Register a custom node type for declarative from_json workflows.

The registry is a module global, so a registration is process-wide.

sample_events()

Return a filesystem path to the bundled sample retina.event JSONL.

The file ships inside the package (retina/_assets/sample_events.jsonl), so this works offline the instant the wheel is installed — no network, no licensing risk. It is the five-event synthetic dock scene from retina demo (count threshold → zone enter → dwell → line cross → exit), handy for trying the event format, validate(), or the CLI::

retina validate "$(python -c 'import retina; print(retina.sample_events())')"

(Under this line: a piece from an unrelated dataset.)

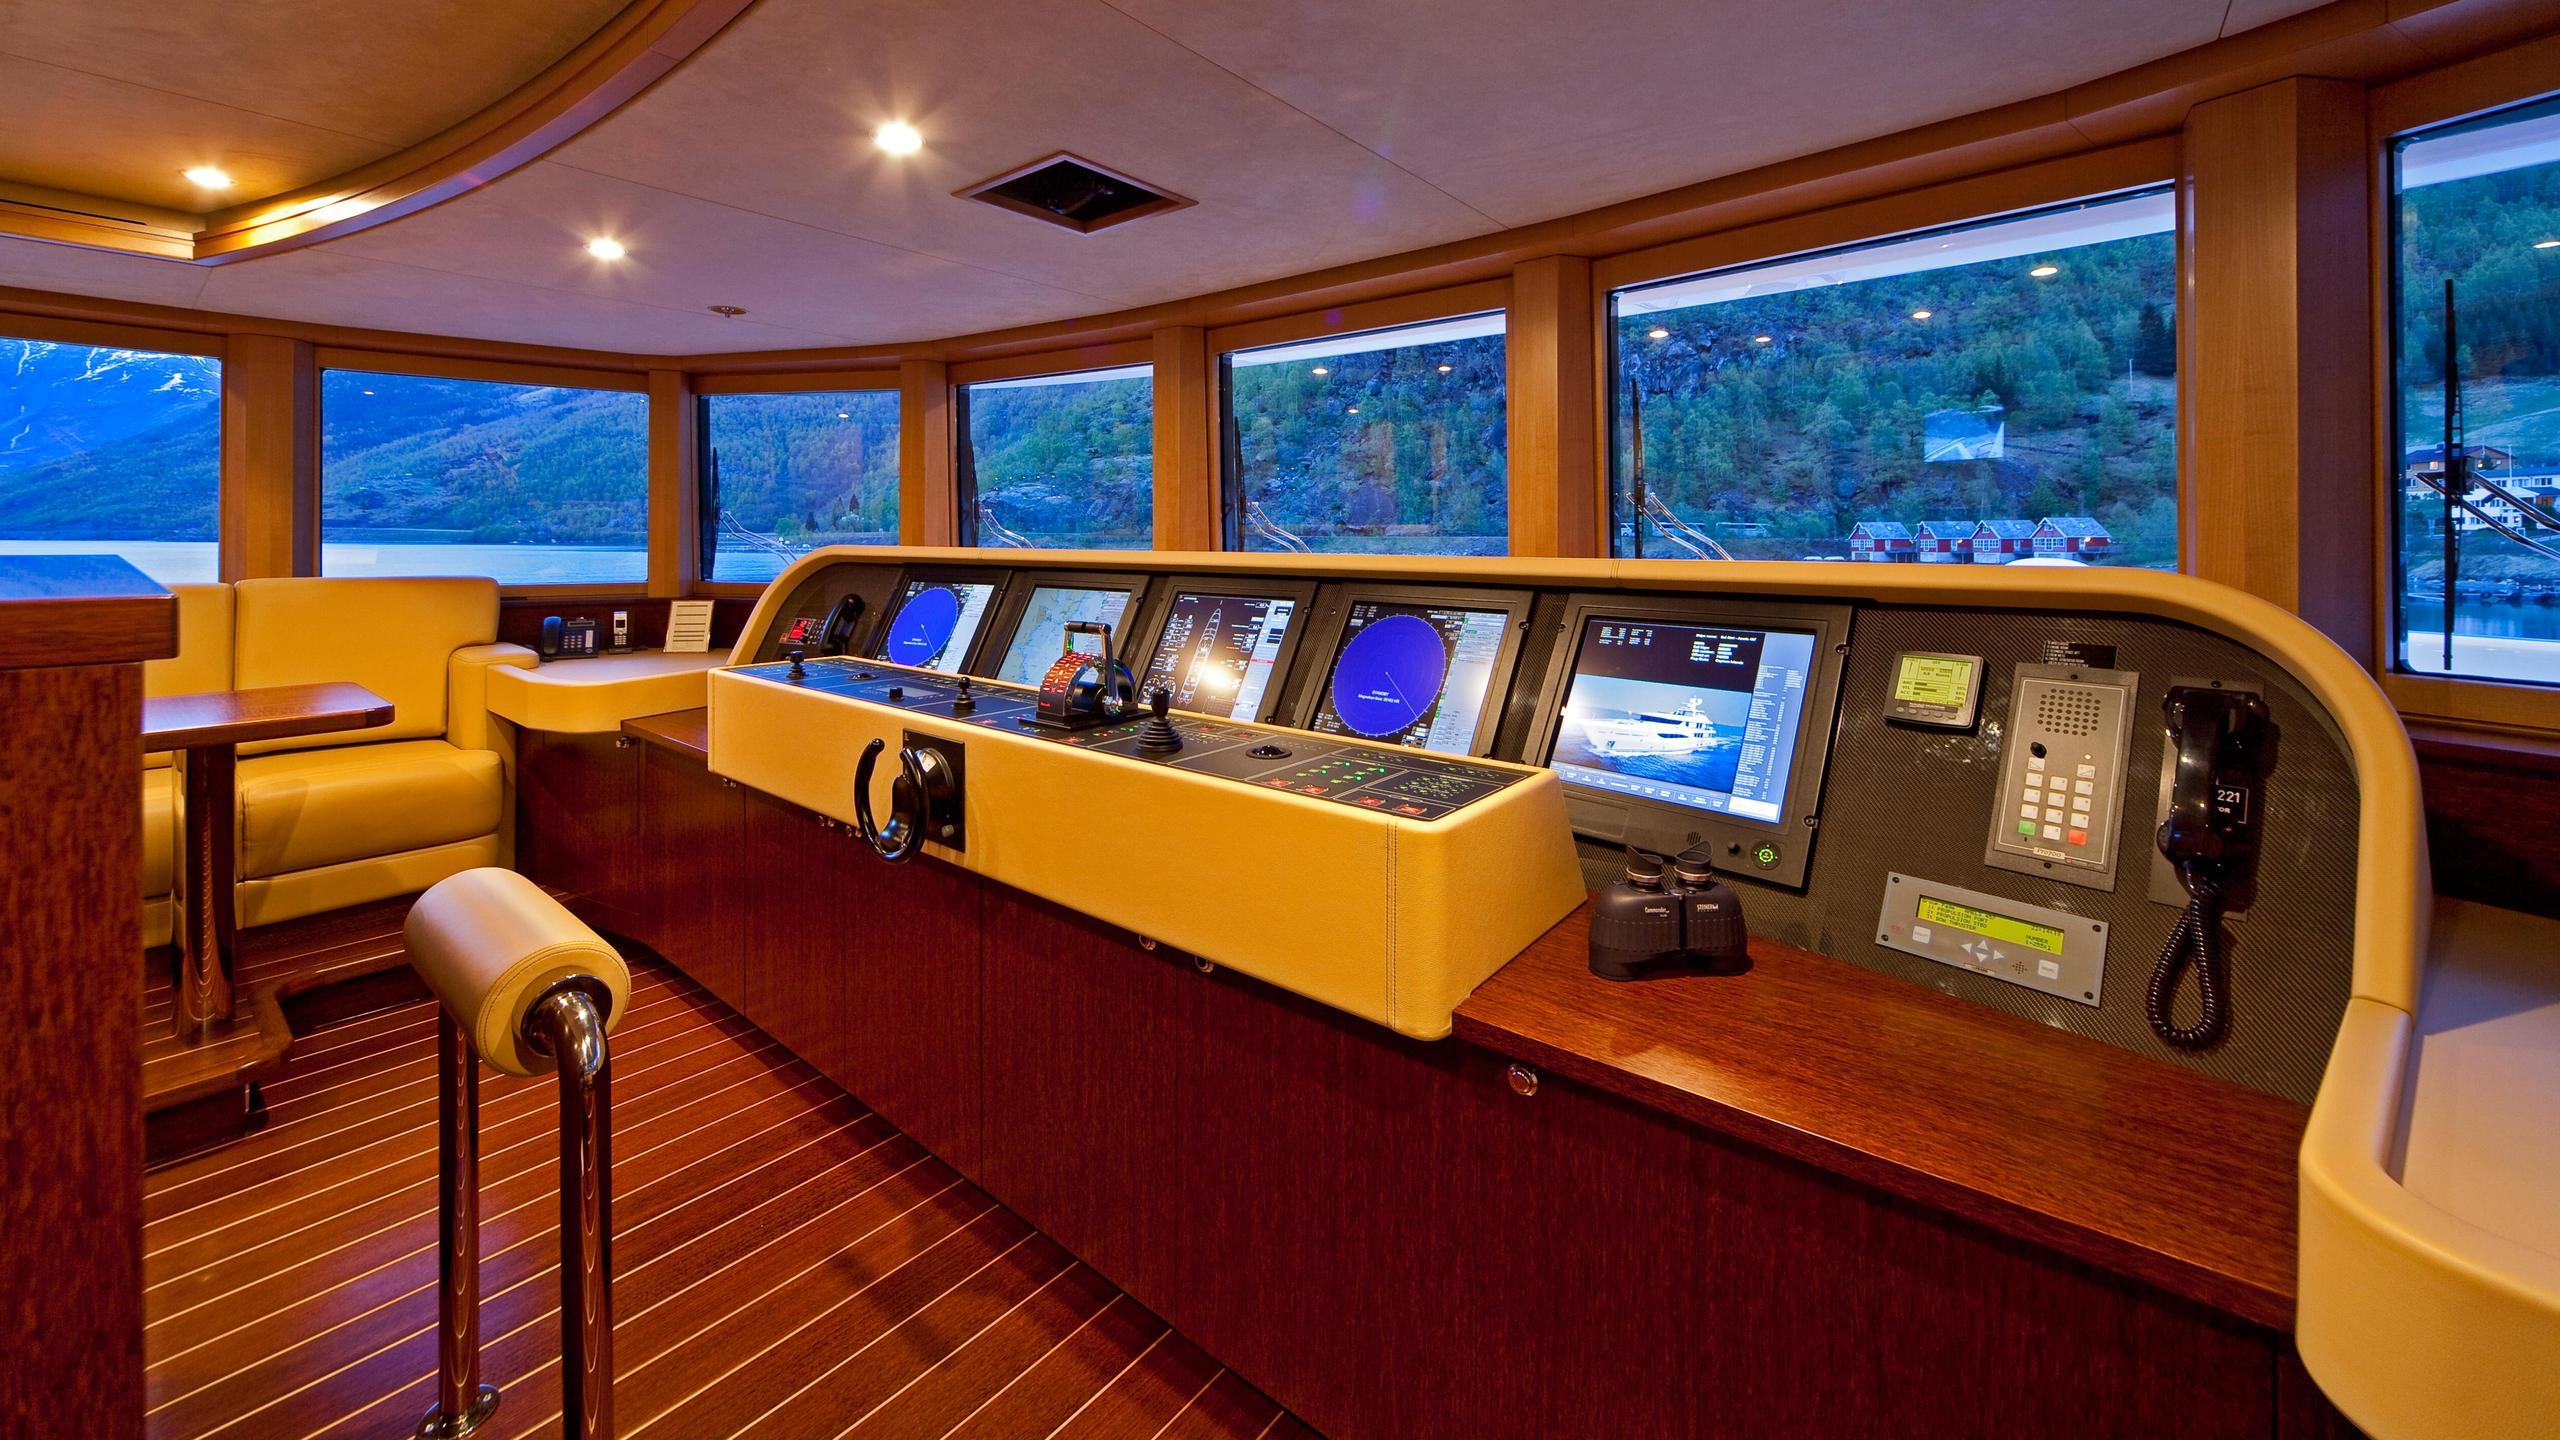 april-motor-yacht-amels-le-171-2010-52m-bridge

Returns the path as a str. The path is stable for the life of the process; treat the file as read-only (it lives inside the install).

sample_video(*, force=False)

Return a path to a small sample video clip, cached per-user.

What this is. A synthetic clip — deterministic moving shapes (a couple of coloured rectangles drifting across a dark background) — generated once with OpenCV and cached under ~/.cache/trio-retina/. It exists to exercise the video-source plumbing end to end with zero network and zero third-party-footage licensing risk: video_frames(retina.sample_video()), retina run workflow.json "$(... sample_video ...)", frame striding, EOF handling, and so on.

What this is NOT. It is not real-world footage, so a real object detector (YoloDetector) will find no people/vehicles in it — there are none. For the YOLO-on-real-footage path, point Retina at your own clip (video_frames("your.mp4")); the synthetic clip only verifies the wiring.

Writing the clip needs OpenCV (the [video] extra). The first call writes and caches it; later calls return the cached path immediately. Pass force=True to regenerate.

Raises RuntimeError with a clear [video] hint if OpenCV is missing and the clip is not already cached.

to_jsonl(events, path)

Write events to a JSONL file. Returns the count written.

to_node(x)

Coerce a step into a Node: pass Nodes through, auto-wrap pipeable domain objects (detector/tracker/rule/sink) via their to_node().

validate(event)

Return a list of problems (empty = valid). Accepts an Event or a dict.